芸舞妓さんの美の秘密……的な話ではなく、
お茶室の天井、建仁寺垣や庭の袖垣、町家の簾(すだれ)などに使われている
「竹」の仲間にとびきりの“べっぴんさん”がいるのをご存じですか?
竹工芸は京都が誇る伝統工芸のひとつ。府内には竹の産地が方々にありますが、工芸品だけでなく銘竹そのものも伝統工芸です。銘竹のひとつである「白竹(しらたけ)」、実はこれがすべすべ美肌のべっぴんさんです。

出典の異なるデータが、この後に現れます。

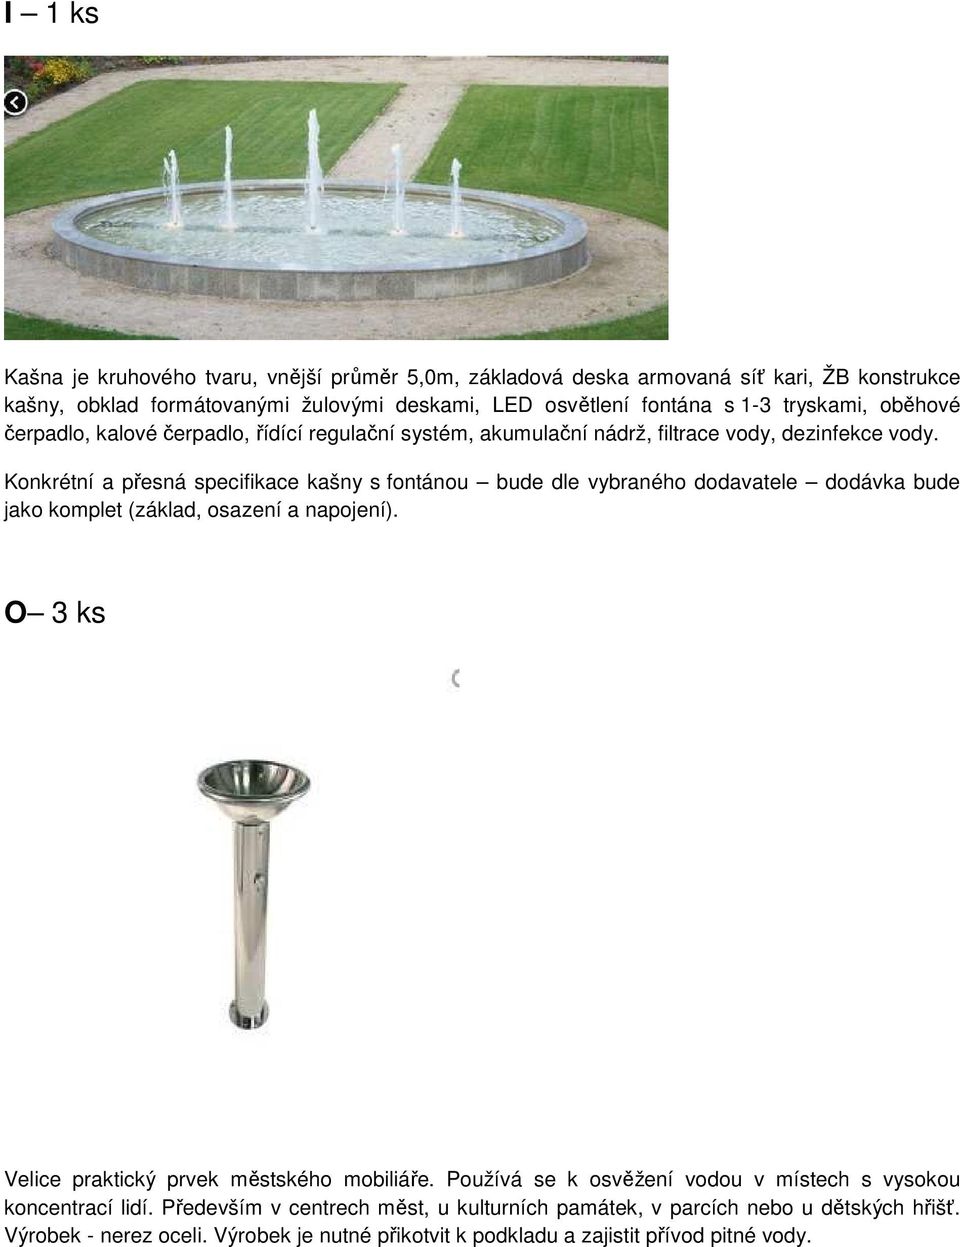 Konkrétní a přesná specifikace kašny s fontánou bude dle vybraného dodavatele dodávka bude jako komplet (základ, osazení a napojení).

白竹は、まず伐採した竹を竹藪に数か月間寝かしておき、水分を飛ばすことから始まります。水分が飛んだら工房へ。じっくり火で炙りながら染み出る油分をふき取り天日干しをすれば、緑だった竹が徐々に色白な肌へと変化していきます。白竹ができるまで4か月を要するとのこと。人も竹も美肌は1日にしてならず、なのです。
べっぴんさんの白竹が使われている代表的なものといえば「犬矢来(いぬやらい)」でしょう。町家の軒先にある、あの緩やかなカーブを描いた垣根です。
犬矢来は本来、外壁を汚れや傷から守る役割があり、京都らしい景観の一部。しかし狭い間口で幅をきかせるため、町家のお店さんたちは苦悩しているとか。そこで考えられたのが、空洞部分の有効活用です。
年間50台もの犬矢来を納めている横山竹材店さんのお話では、犬矢来に扉を付けて箒を収納したり、飲食店ならおしぼりの交換場所として業者さんが使用していたり、ガスメーターやエアコンの室外機が隠されていたりするとのこと。花見小路にある犬矢来を注意深く見てみると、たしかに取っ手のついた扉が随所にありました。扉を発見すると、京都の秘密を垣間見た気分になれますね。
犬矢来は10年に一度取り換えられます。そこに傷一つない白竹が選りすぐられて使われているとは、美を追求する京都らしいですね。